アマゾンジャパンは、ウエルシアホールディングスなどと提携し、処方薬のオンライン販売サービス「Amazonファーマシー」を開始した。
利用者はアプリを使用し、自宅で薬を受け取れる。
専門家は、アマゾンの参入で、市場に大きな変化が期待できると述べた。
処方箋販売・受け取りまでオンラインで完結
アマゾンが、処方薬をオンライン販売するサービスを開始した。

都内で23日午後、アマゾンジャパンは、ドラッグストア業界最大手のウエルシアホールディングスなどと提携し、処方薬のオンライン販売サービス「Amazonファーマシー」の提供を、23日から開始したと発表した。

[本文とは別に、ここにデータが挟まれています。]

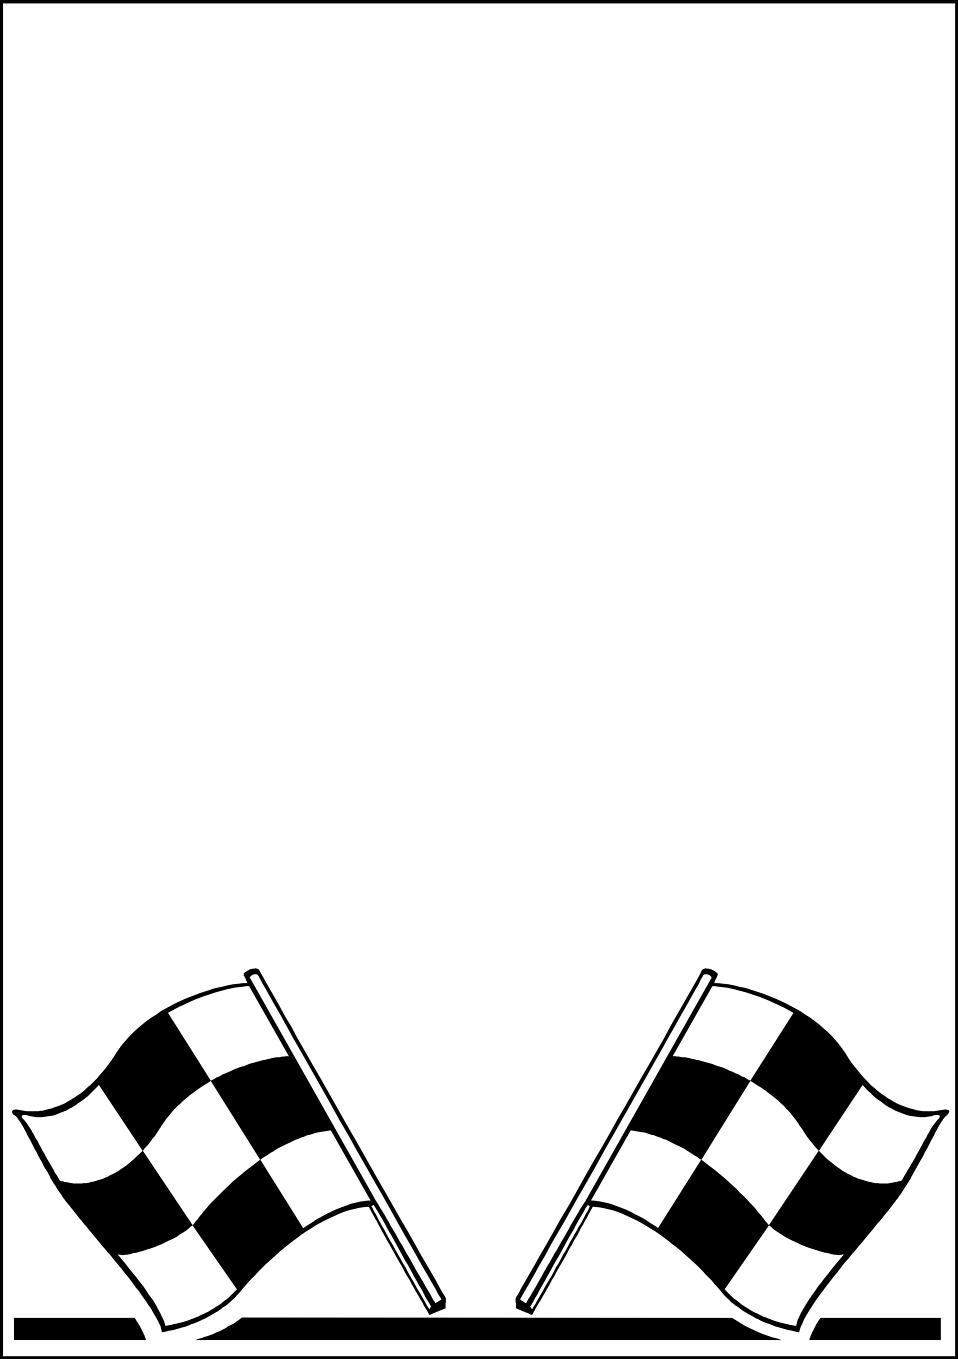 Free Race Border Cliparts, Download Free Clip Art, Free Clip.

利用者は、オンラインなどで医師の診療を受けたあと、アマゾンのスマートフォンアプリに処方箋情報を登録すると、オンラインで服薬指導が受けられ、薬が自宅に届けられる仕組みだ。

アマゾンジャパン消費財事業本部・前田宏統括事業本部長:
Amazonファーマシーをきっかけに、電子処方箋、あるいはオンライン服薬指導の便利さを、もっと幅広くお客様に知っていただきたい。

世界一の通販サイトの参入で、オンラインで薬の受け取りまでを行うサービスの普及が加速しそうだ。
顧客ニーズとらえた処方薬サービス競争
「Live News α」では、消費経済アナリストの渡辺広明さんに話を聞いた。
堤礼実キャスター:
ーー処方薬のネット販売、どうご覧になりますか?

消費経済アナリスト・渡辺広明さん:
5000万人の国内利用者数を抱えるアマゾンと、全国で2000店以上のドラッグストアを展開するウエルシアという業界ナンバーワン同士のタッグ。このインパクトは大きく、処方薬をめぐる風景が大きく変わっていく可能性があります。
堤キャスター:
ーー具体的には、どういうふうに変わっていくのでしょうか?
消費経済アナリスト・渡辺広明さん:
これまでは、病院の帰りに処方薬局に立ち寄って、順番を待って、薬剤師からさまざまな服薬指導を受けてから、薬を受け取っていましたよね。
もっと手軽に、薬を受け取りたいという方も多いはずです。オンラインですべてが完結して、宅配までしてくれる処方薬のネット販売は、顧客のニーズをきっちりとらえたサービスとなっています。
堤キャスター:
ーー今、処方薬をめぐる市場は、どうなっているのでしょうか?
消費経済アナリスト・渡辺広明さん:
超高齢化が進む日本において、処方薬は伸び代がある分野とされています。2022年度の調剤医療費は、前の年と比べて2%増となっており、約7兆8000億円の大きな市場となっています。
コンビニでも、ネットで注文した処方薬の店頭渡しなどを一部店舗で始めており、薬をめぐるサービス合戦が広がっています。
電子処方が進みデジタル化に加速
堤キャスター:
ーー今回の処方薬のネット販売もそうですが、 医療の分野でのオンライン化は、これから加速していきそうですね?

消費経済アナリスト・渡辺広明さん:
薬のオンライン処方に関しては、コロナ禍で規制緩和が進み、2023年1月から、従来は必ず紙で発行していた処方箋の電子化が認められました。電子処方箋は過去の履歴も確認できるため、適切な薬の処方にもつながるとされています。
今回の処方薬のネット販売は、まだ利用の少ないオンライン診療とも連動するため、医療分野のデジタル化の追い風にもなります。
近年では、外資系企業がデジタルの新サービスを始めて、一挙に市場を広げて顧客を囲い込んでしまうケースが多いです。オンラインによる処方薬や診療などの分野では、国内企業と外資系企業が競争することで、顧客目線のサービスが広がっていくことを期待したいです。
堤キャスター:
医療のDXにおいて、この試みは大きな一歩です。
こうした生活における便利さを求めつつ、対面ならではの強みもあるように思います。